You might want to look at <http://cappuccino.org/> for a javascript library
doing what you describe (disclaimer: also I've planned for some time to take a
look at it, I haven't got around to it yet)

------
EvilTrout
I have a huge amount of Sass files on my site (~140) and I can't recommend it
more. It makes my life a lot easier.

------
KevinMS
I wrote something like this a while ago and just got reamed by all the CSS
koolaid drinkers.

But unlike Sass it doesn't abandon the cascade, and things look a lot
simplier, at least to me. I guess because its in LUA it wasn't cool enough.

It did get the "one of the best of the month" at smashing magazine, whatever
that means.

Writing massive stylesheets made me write moonfall, and after I did that, I
found that its easier just to keep your css simple. And then I never needed
it.

Find it at <http://moonfall.org/>

------
beza1e1
My workflow in most projects:

1\. create .css file

2\. tweak pixel-positions via Firebug and instant preview

3\. write final positions into .css file

Firebug nicely display the line number of the css rule to tweak. This isn't
possible with something like Sass, so i assume it would slow me down.

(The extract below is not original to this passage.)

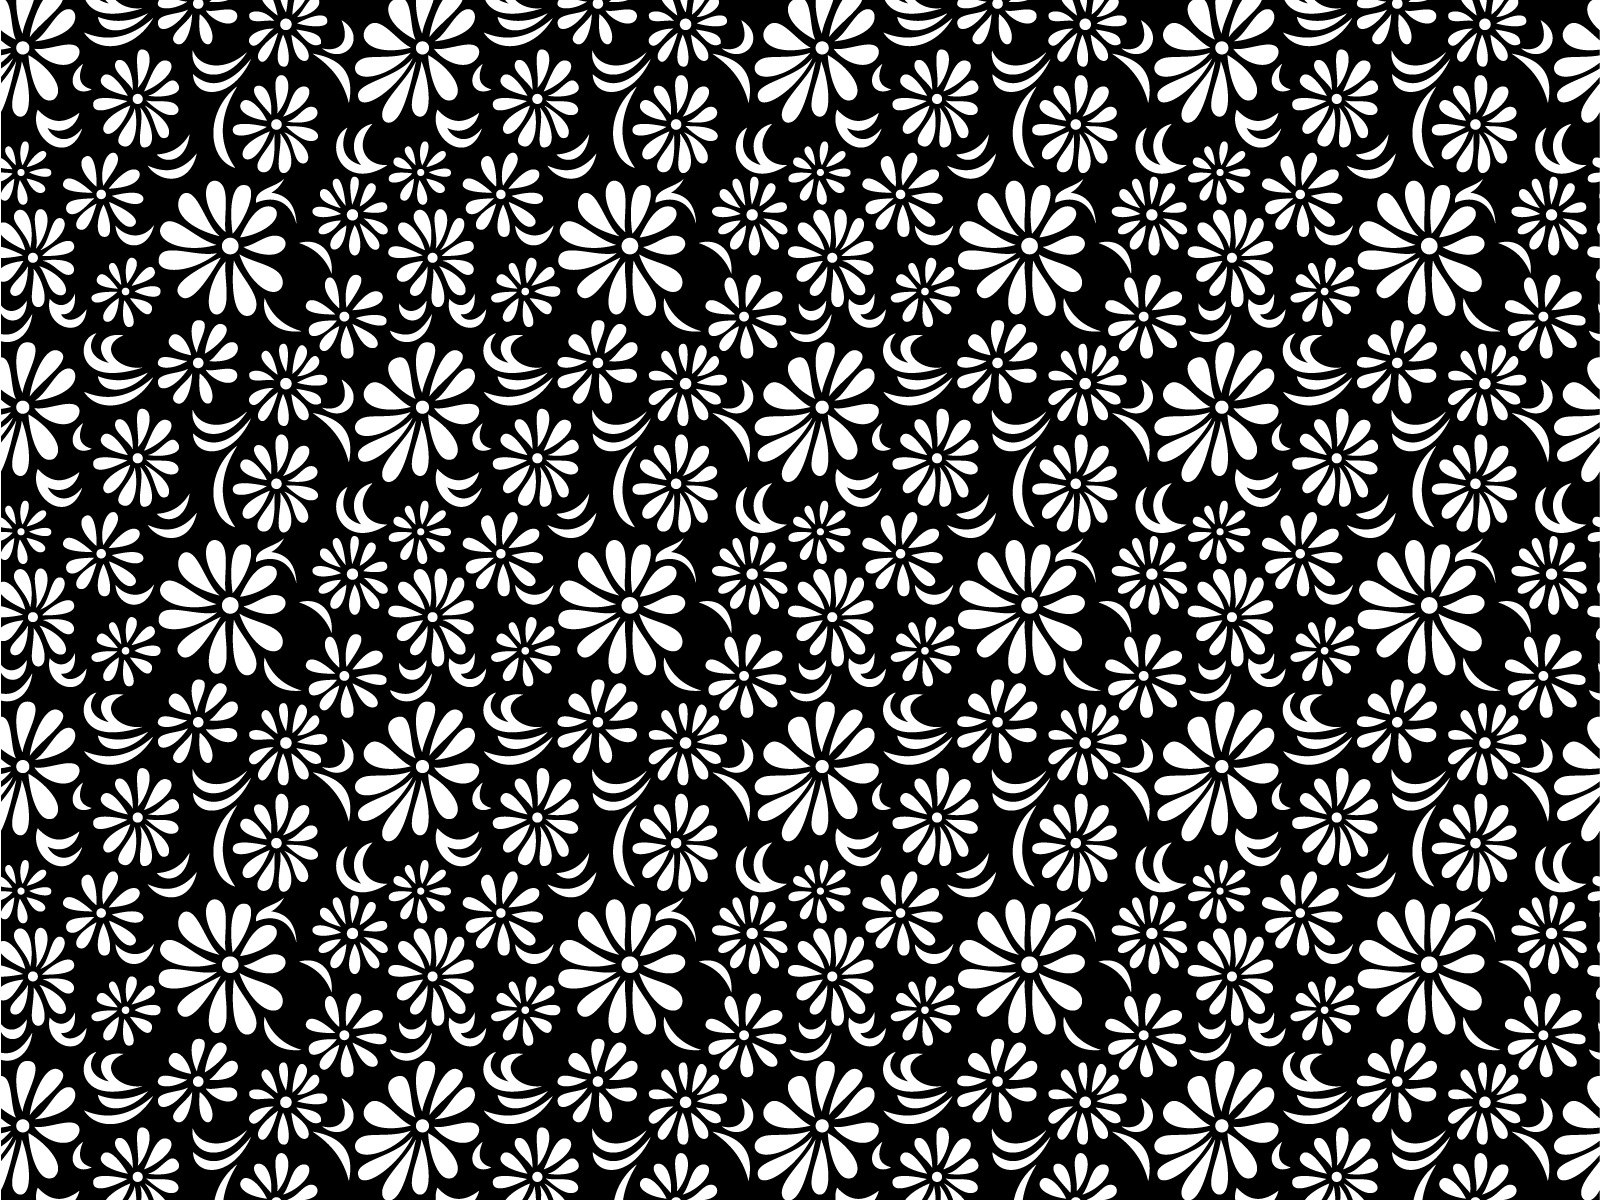 schwarz weiß blumentapete,muster,design,muster,symmetrie,einfarbig

This instant preview tweaking with Firebug is even more important with legacy
CSS to find the position where a certain value is set. I can't think of a way
to do that with Sass.

------
ars
This is really cool, I may start using Sass (but probably not Compass), but it
doesn't really solve the argument.

There are many things that tables can do that CSS just can't (or that take
much longer).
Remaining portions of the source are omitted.